- Born: Stirling, Scotland
- Died: 10 December 1994 Oxford, England
- Cause of death: Ballistic trauma
- Occupation: Forensic scientist
- Known for: Victim of unsolved murder

= Death of Michael Meenaghan =

Michael Meenaghan was a forensic scientist at Oxford University who was shot dead through his kitchen window on 10 December 1994. He was a lecturer at the Sir William Dunn School of Pathology.

==Background==
He was originally from Stirling and lived in Monks Close, on the Blackbird Leys estate in Oxford. He had spent the previous four years researching molecular biology of proteins involved in cell adhesion.

He was married but had separated from his wife.
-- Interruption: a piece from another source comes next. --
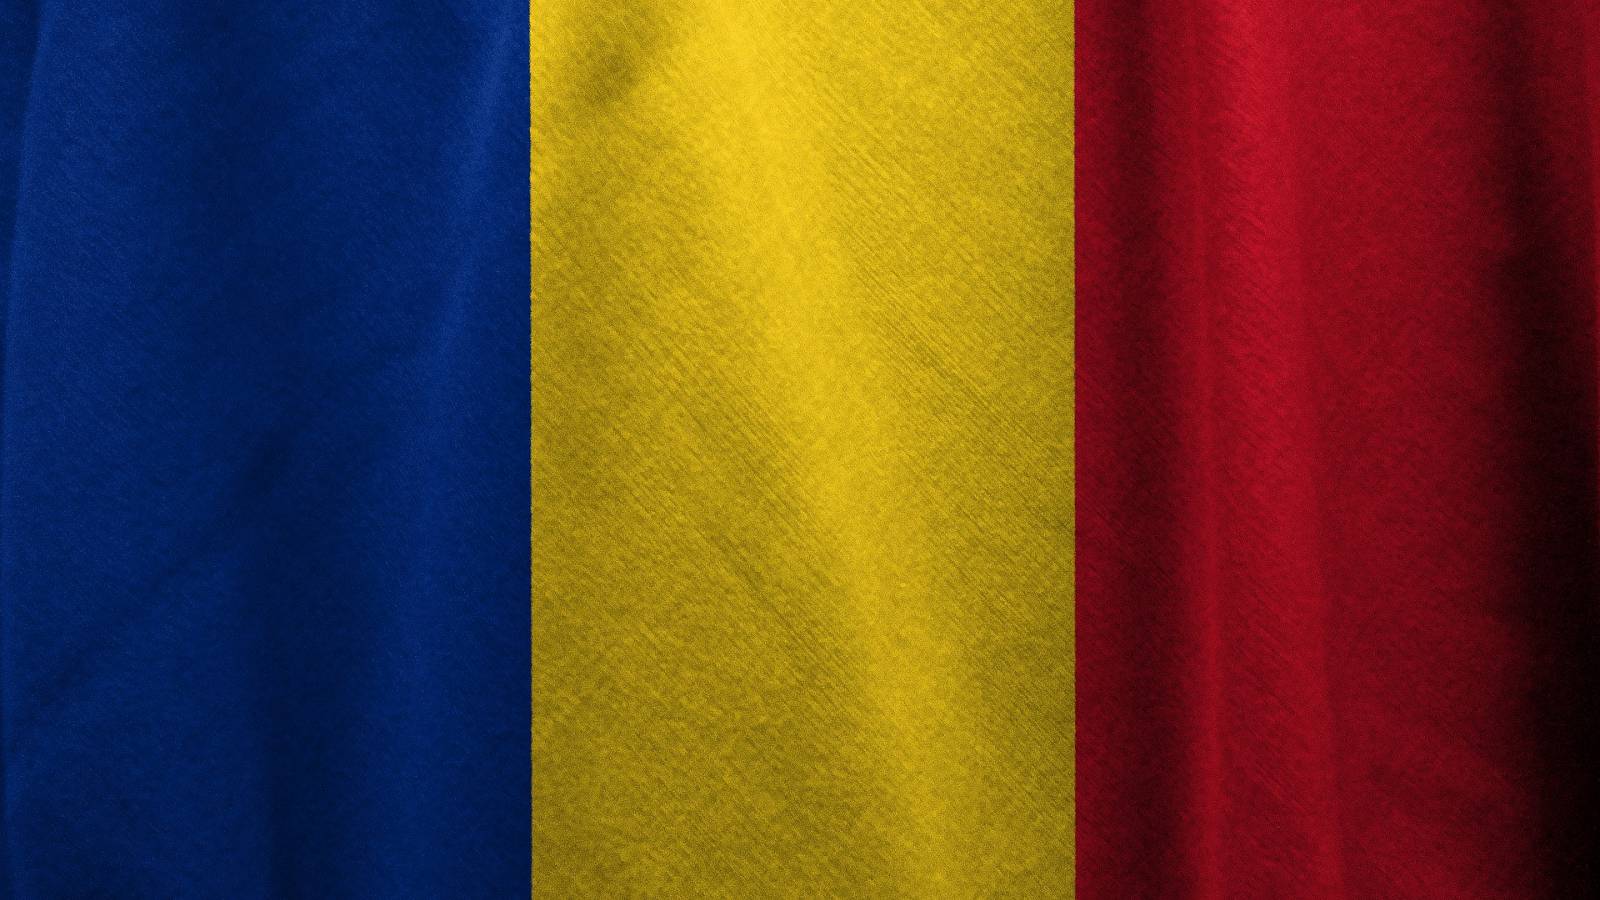 Wskaźniki zachorowalności w Rumunii nadal rosną 14 stycznia 2022 r
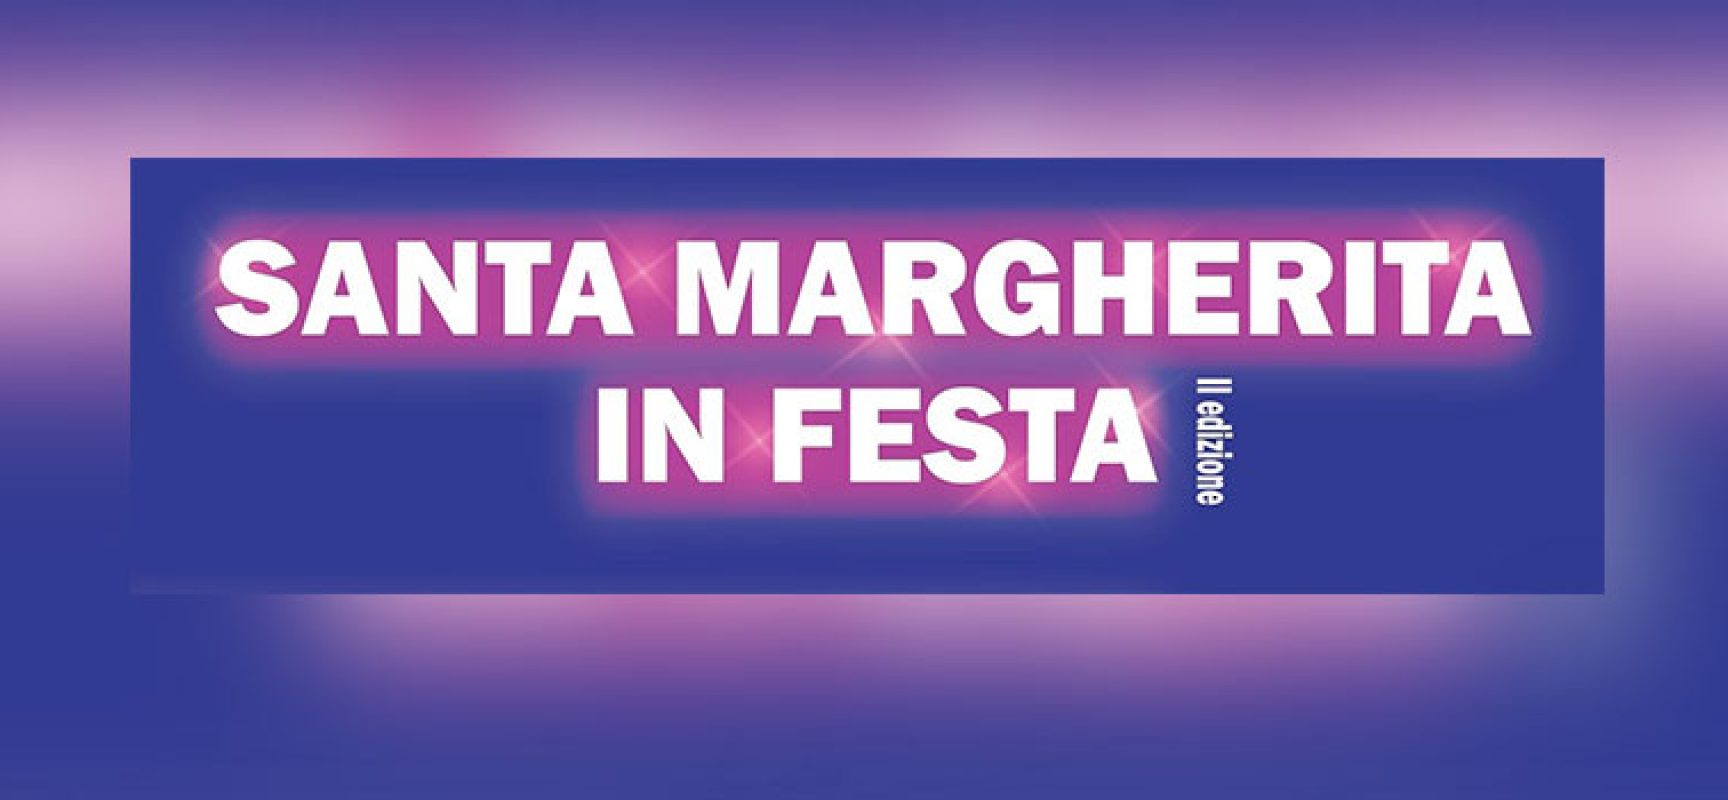 Torna “Santa Margherita in festa” con un nuovo evento e una sorpresa

Neighbours said that he had increased security at his house, drawing curtains all day and keeping his doors locked. He had also made his phone number ex-directory in the twelve months before his death.

==Shooting==
On 10 December 1994 around 4:30 pm a 999 phone call was received. The caller did not speak but could be heard struggling to breathe. When police arrived at the house it looked secure, but they could see a man's body in the kitchen. They broke in and found the body of Meenaghan on the floor with the phone off the hook. His then-girlfriend arrived shortly afterwards, shocked to find the police there.

==Aftermath==
Police followed several leads, including the possibilities of a hired hitman, or of mistaken identity, but no leads were found. His work was uncontroversial and despite speculation the work had nothing to do with DNA fingerprinting.

On the twentieth anniversary of his murder a reward of £20,000 was offered jointly by Crime Stoppers and Thames Valley Police, which was valid for three months. His mother Pat said, "His death is always with me and there is not a day goes by when I don't miss him. We still don't know why someone would be so callous as to take his life and rob the world of a lovely man and a gifted scientist." Police said there was no clear motive for the shooting.